Puppet is a software configuration management tool which includes its own declarative language to describe system configuration. It is a model-driven solution that requires limited programming knowledge to use.

Puppet is produced by Puppet Inc., founded by Luke Kanies in 2005. Its primary product, Puppet Enterprise, is a proprietary and closed-source version of its open-source Puppet software. They use Puppet's declarative language to manage stages of the IT infrastructure lifecycle, including the provisioning, patching, configuration, and management of operating system and application components in data centers and cloud infrastructures.

Puppet uses an open-core model; its free-software version was released under version 2 of the GNU General Public License (GPL) until version 2.7.0, and later releases use the Apache License, while Puppet Enterprise uses a proprietary license.

Puppet and Puppet Enterprise operate on multiple Unix-like systems (including Linux, Solaris, BSD, Mac OS X, AIX, HP-UX) and has Microsoft Windows support. Puppet itself is written in Ruby, while Facter is written in C++, and Puppet Server and Puppet DB are written in Clojure.

Design 

Puppet is designed to manage the configuration of Unix-like and Microsoft Windows systems declaratively. The user describes system resources and their state, either using Puppet's declarative language or a Ruby DSL (domain-specific language). This information is stored in files called "Puppet manifests". Puppet discovers the system information via a utility called Facter, and compiles the Puppet manifests into a system-specific catalog containing resources and resource dependency, which are applied against the target systems. Any actions taken by Puppet are then reported.

Puppet consists of a custom declarative language to describe system configuration, which can be either applied directly on the system, or compiled into a catalog and distributed to the target system via client–server paradigm (using a REST API), and the agent uses system specific providers to enforce the resource specified in the manifests. The resource abstraction layer enables administrators to describe the configuration in high-level terms, such as users, services and packages without the need to specify OS specific commands (such as rpm, yum, apt).

Puppet is model-driven, requiring limited programming knowledge to use.

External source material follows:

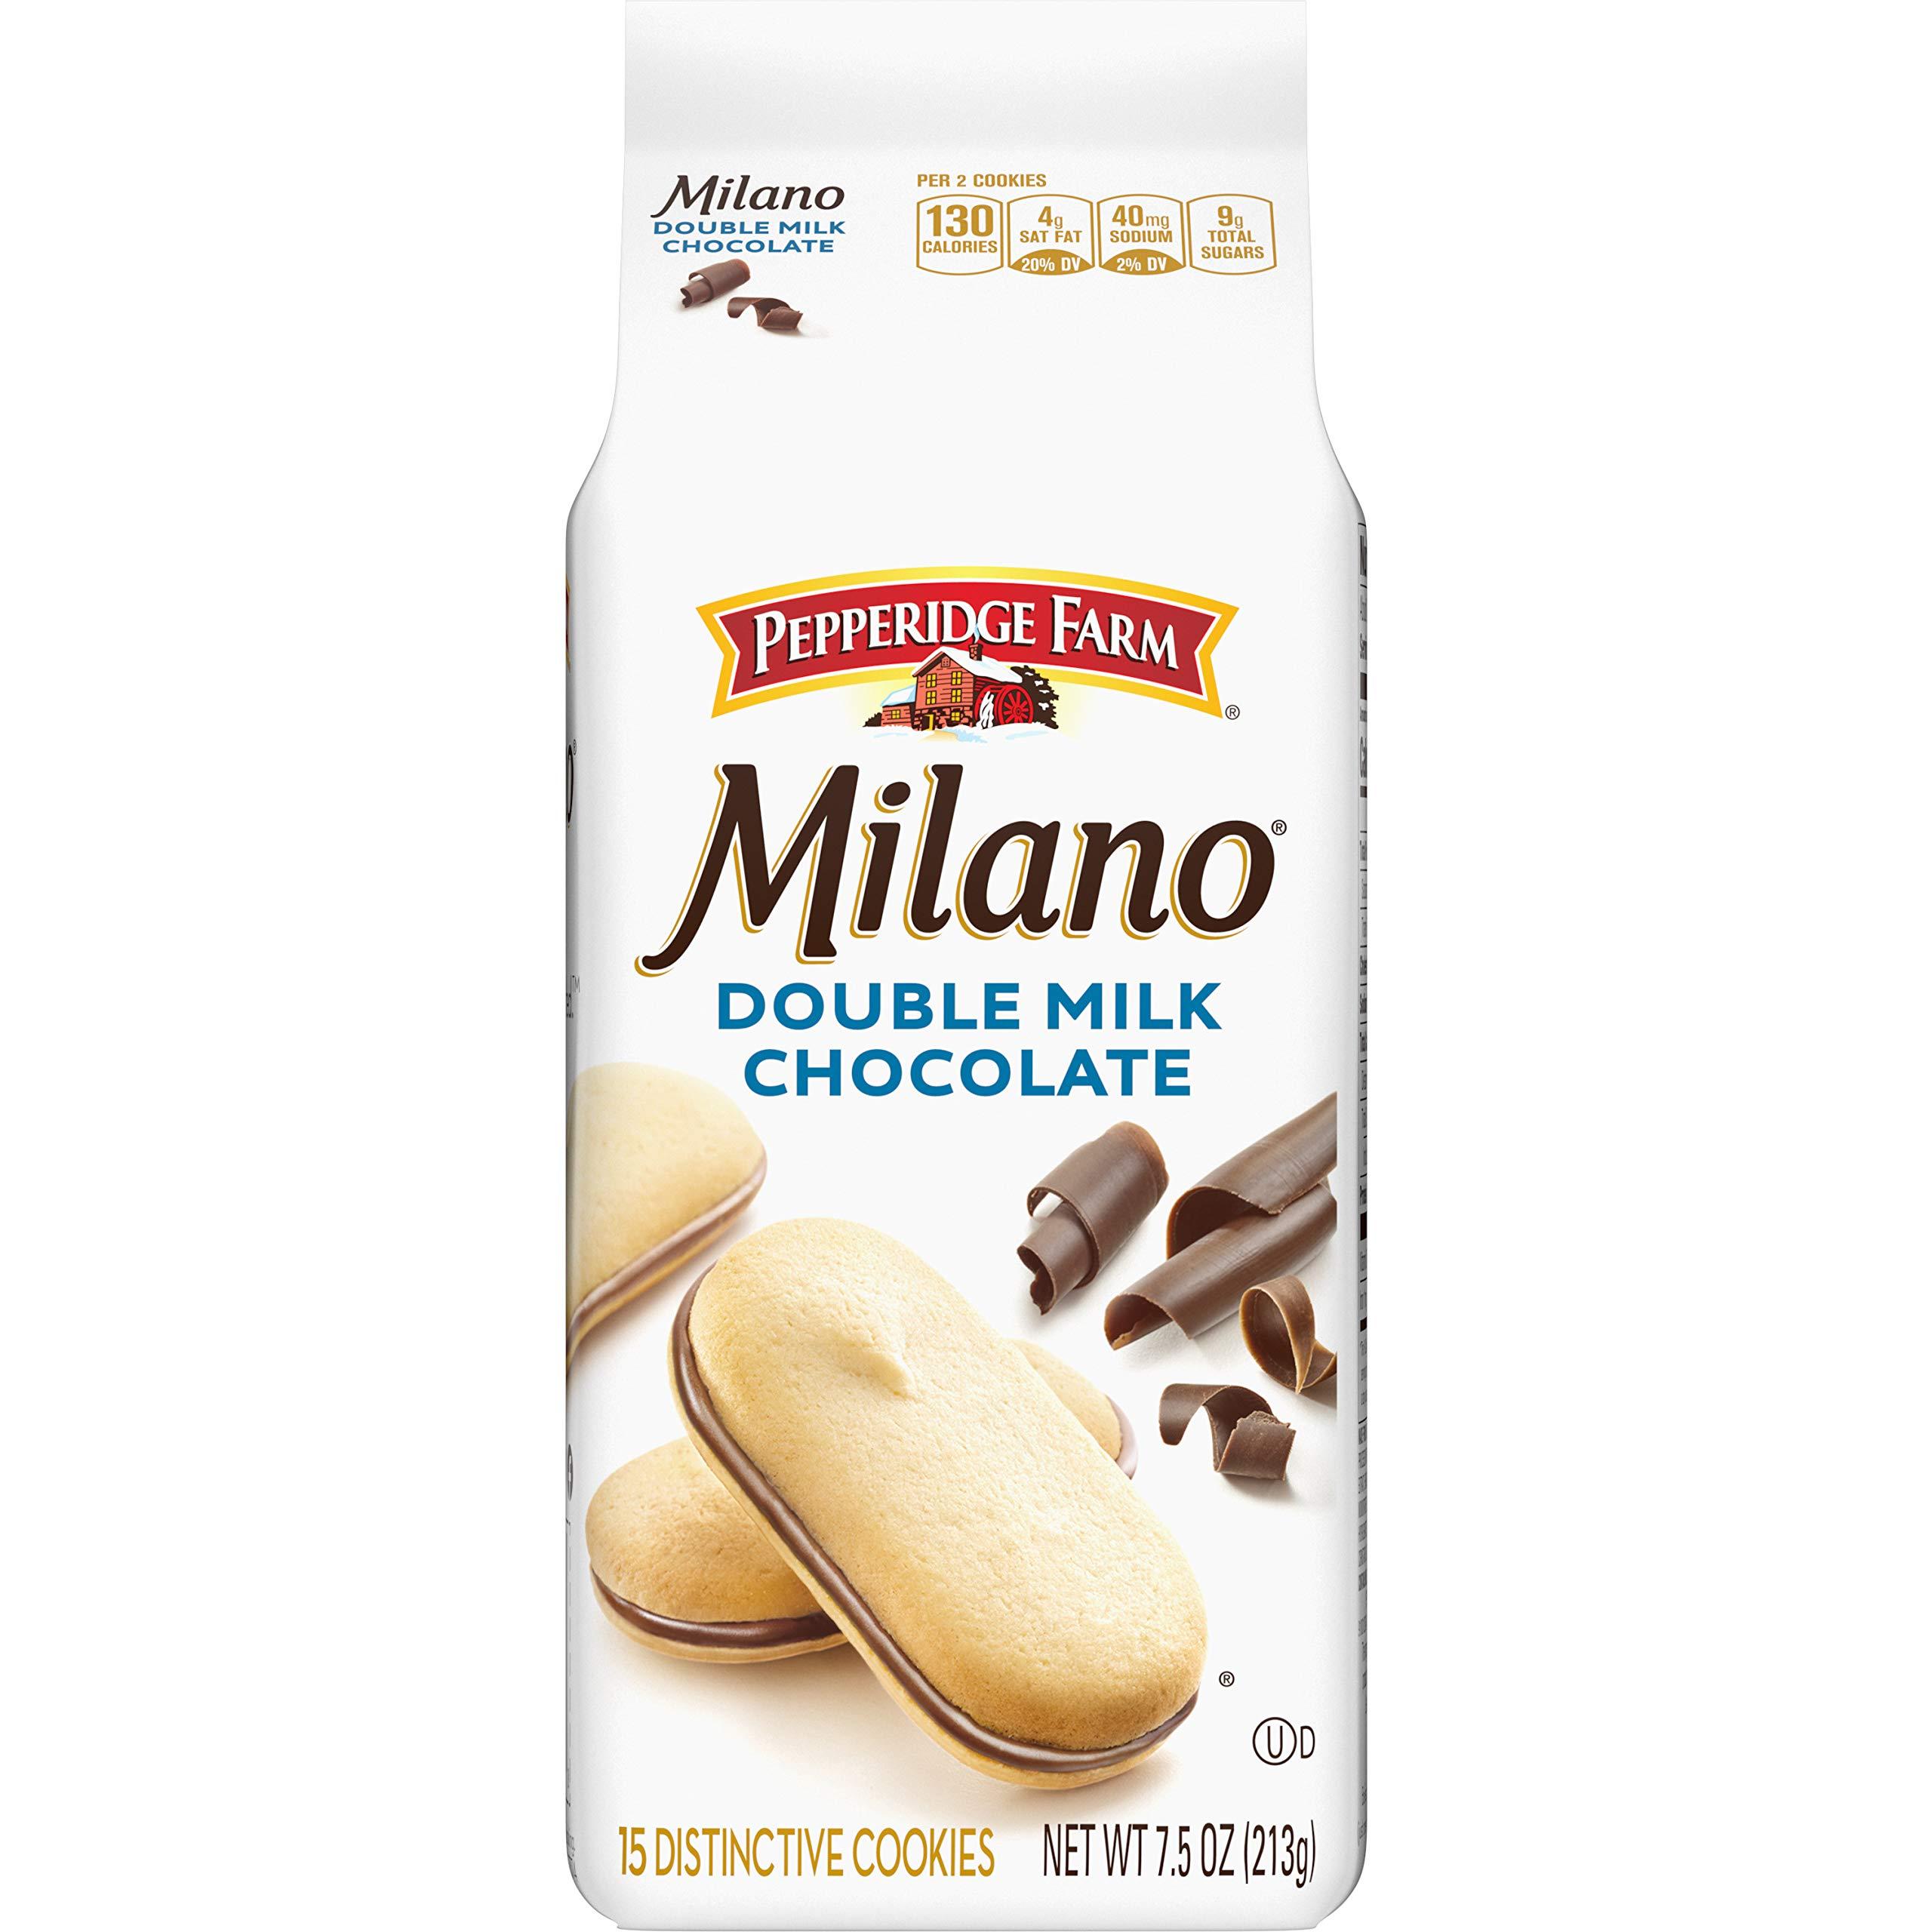 Pepperidge Farm Milano Cookies, Double Milk Chocolate, 7.5 oz. Bag

It comes in two versions, Puppet Enterprise and Open Source Puppet. In addition to providing functionalities of Open Source Puppet, Puppet Enterprise also provides GUI, API and command line tools for node management.

Architecture 

Puppet usually follows client-server architecture. The client is known as an agent and the server is known as the master. For testing and simple configuration, it can also be used as a stand-alone application run from the command line.

Puppet Server is installed on one or more servers, and Puppet Agent is installed on all the machines to be managed. Puppet Agents communicate with the server and fetch configuration instructions. The Agent then applies the configuration on the system and sends a status report to the server. Devices can run Puppet Agent as a daemon, that can be triggered periodically as a cron job or can be run manually whenever needed.

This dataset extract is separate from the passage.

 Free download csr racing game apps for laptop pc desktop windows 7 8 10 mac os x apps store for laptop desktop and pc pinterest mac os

The Puppet programming language is a declarative language that describes the state of a computer system in terms of "resources", which represent underlying network and operating system constructs. The user assembles resources into manifests that describe the desired state of the system. These manifests are stored on the server and compiled into configuration instructions for agents on request.

Puppet resource syntax:

type { 'title':
  attribute => value
}

Example resource representing a Unix user:

user { 'harry':
  ensure => present,
  uid    => '1000',
  shell  => '/bin/bash',
  home   => '/var/tmp'
}

Puppet allows users to configure systems in a platform-agnostic way by representing operating system concepts as structured data. Rather than specifying the exact commands to perform a system action, the user creates a resource, which Puppet then translates into system-specific instructions which are sent to the machine being configured. For example, if a user wants to install a package on three different nodes, each of which runs a different operating system, they can declare one resource, and Puppet will determine which commands need to be run based on the data obtained from Facter, a program that collects data about the system it is running on, including its operating system, IP address, and some hardware information. Providers on the node use Facter facts and other system details to translate resource types in the catalog into machine instructions that will actually configure the node.

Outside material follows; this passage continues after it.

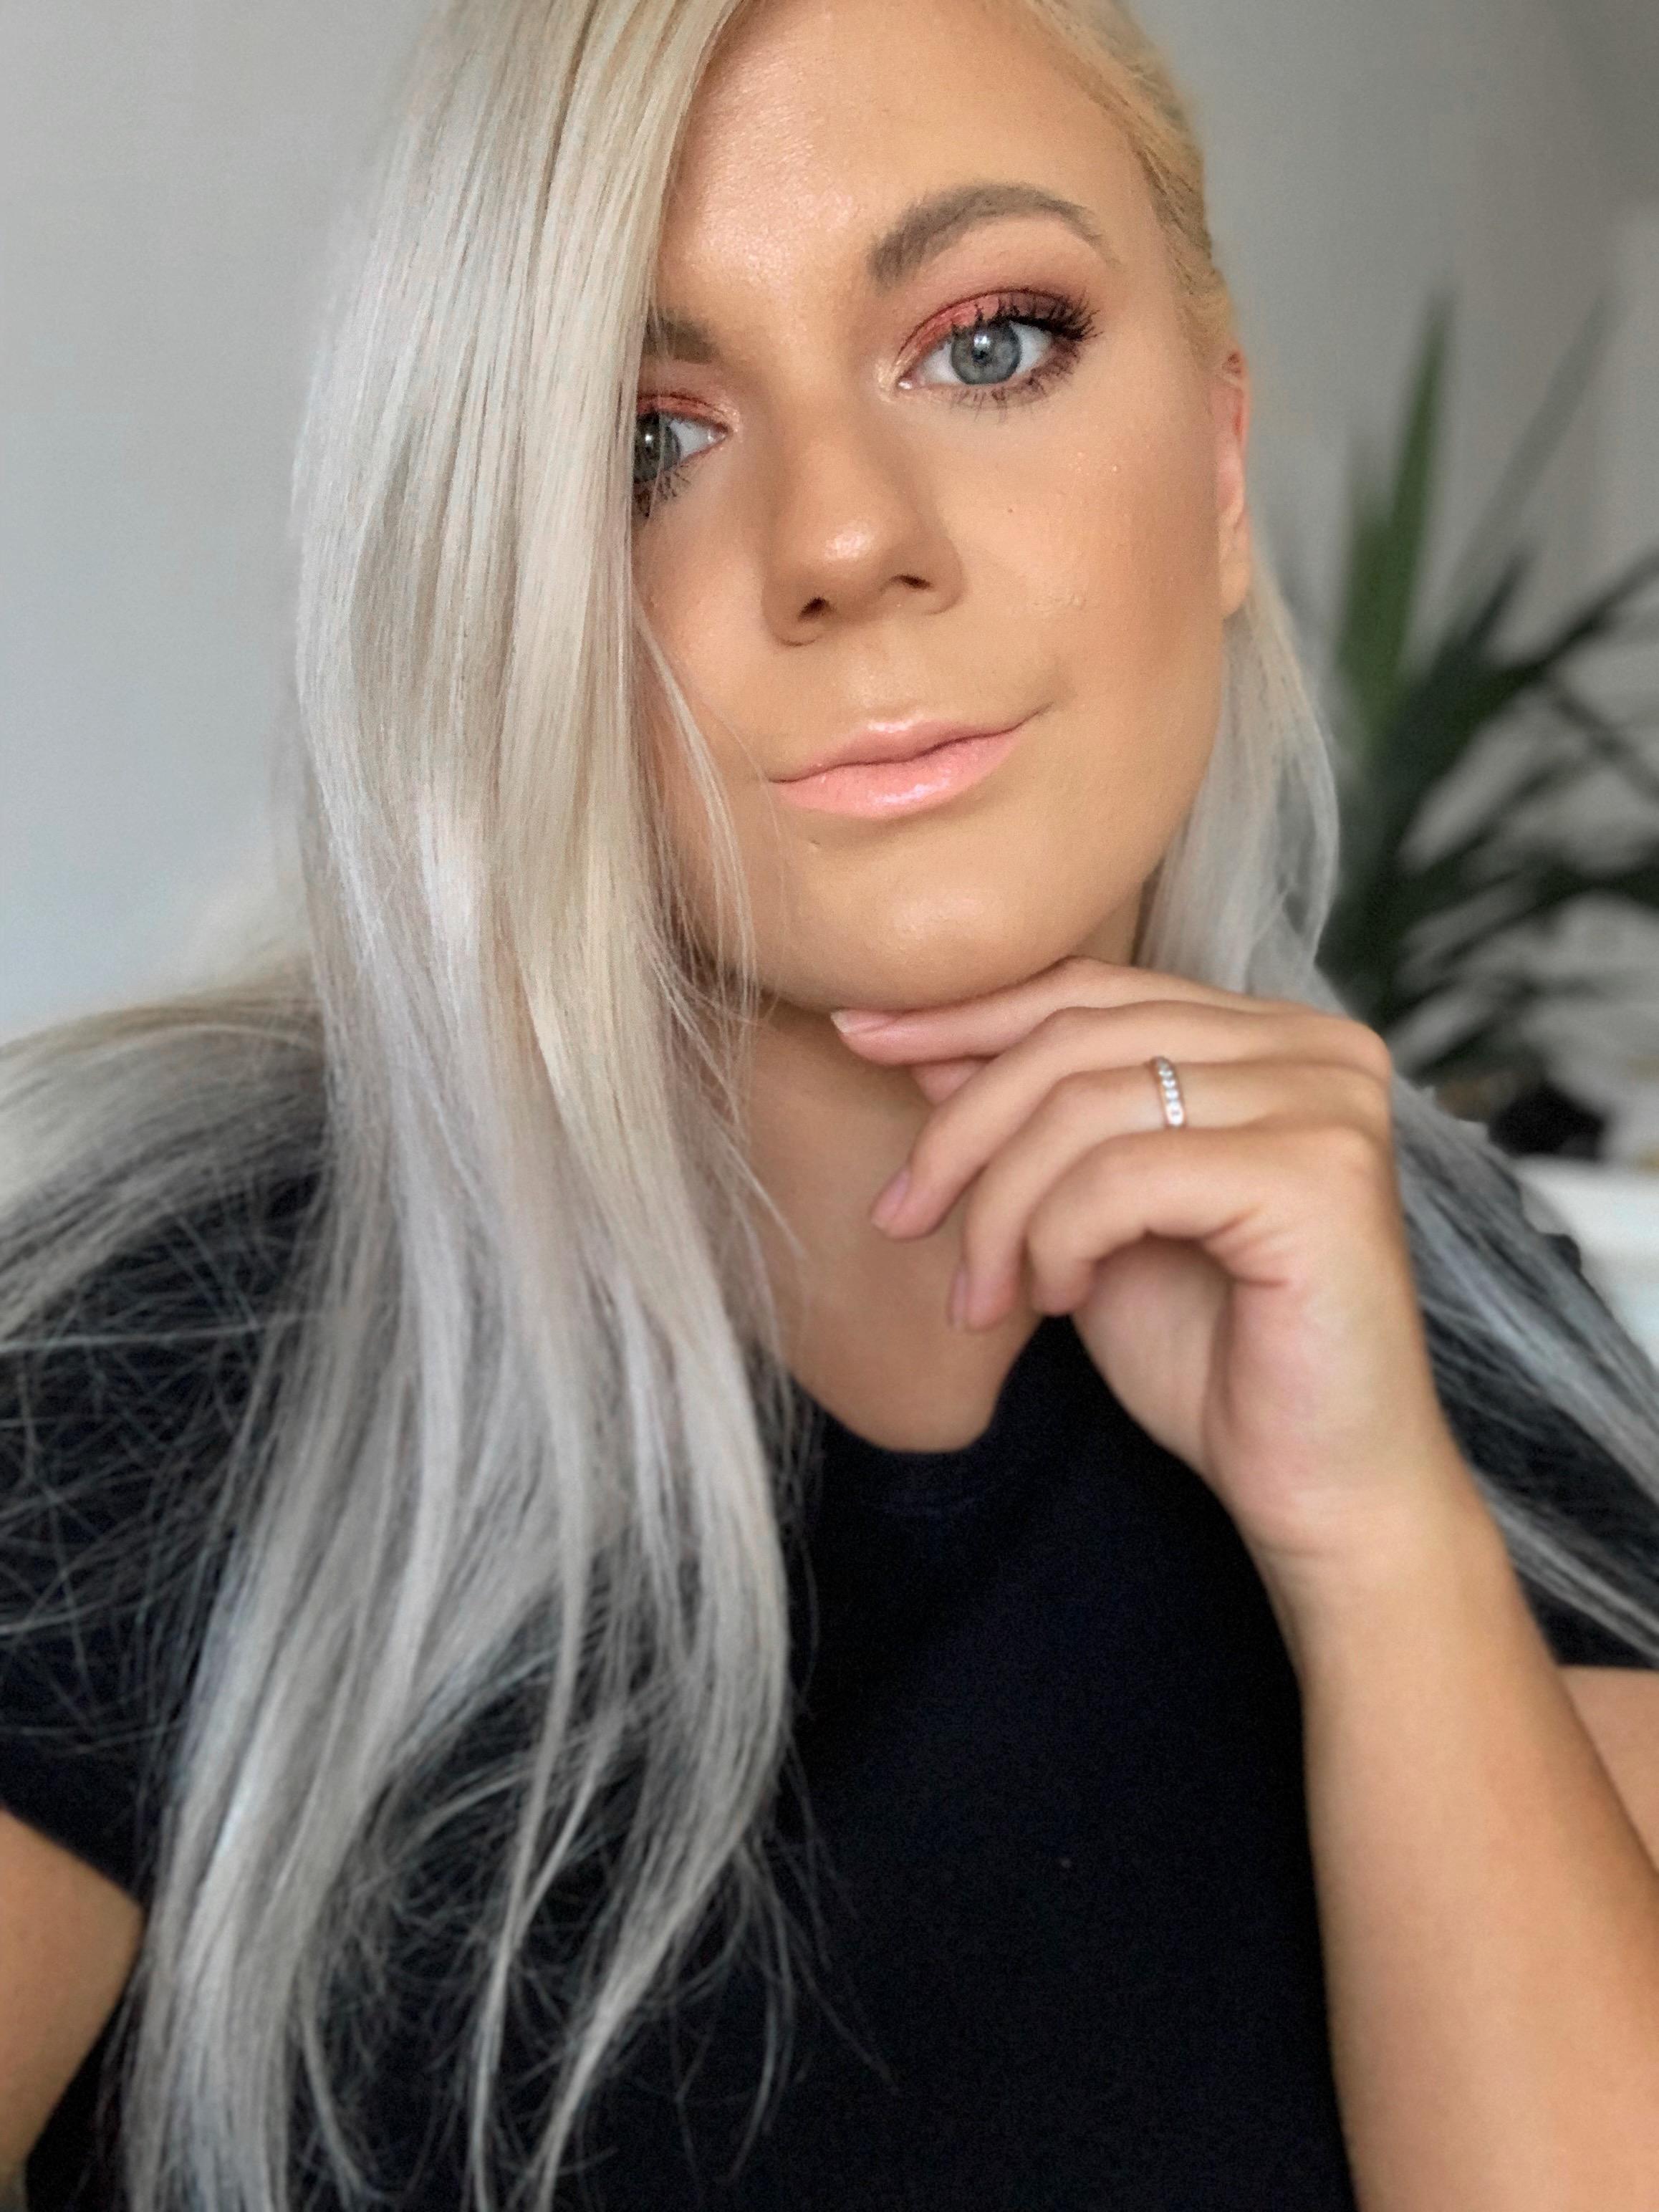 česká beauty blogerka lucie.wink elbeautyblog

A normal Puppet run has the following stages:

 An agent sends facts from Facter to the master.
 Puppet builds a graph of the list of resources and their inter-dependencies, representing the order in which they need to be configured, for every client. The master sends the appropriate catalog to each agent node.
 The actual state of the system is then configured according to the desired state described in manifest file. If the system is already in the desired state, Puppet will not make any changes, making transactions idempotent.
 Finally, the agent sends a report to the master, detailing what changes were made and any errors that occurred.

Vendor 

Puppet's vendor Puppet, Inc, is a privately held information technology (IT) automation software company based in Portland, Oregon, USA.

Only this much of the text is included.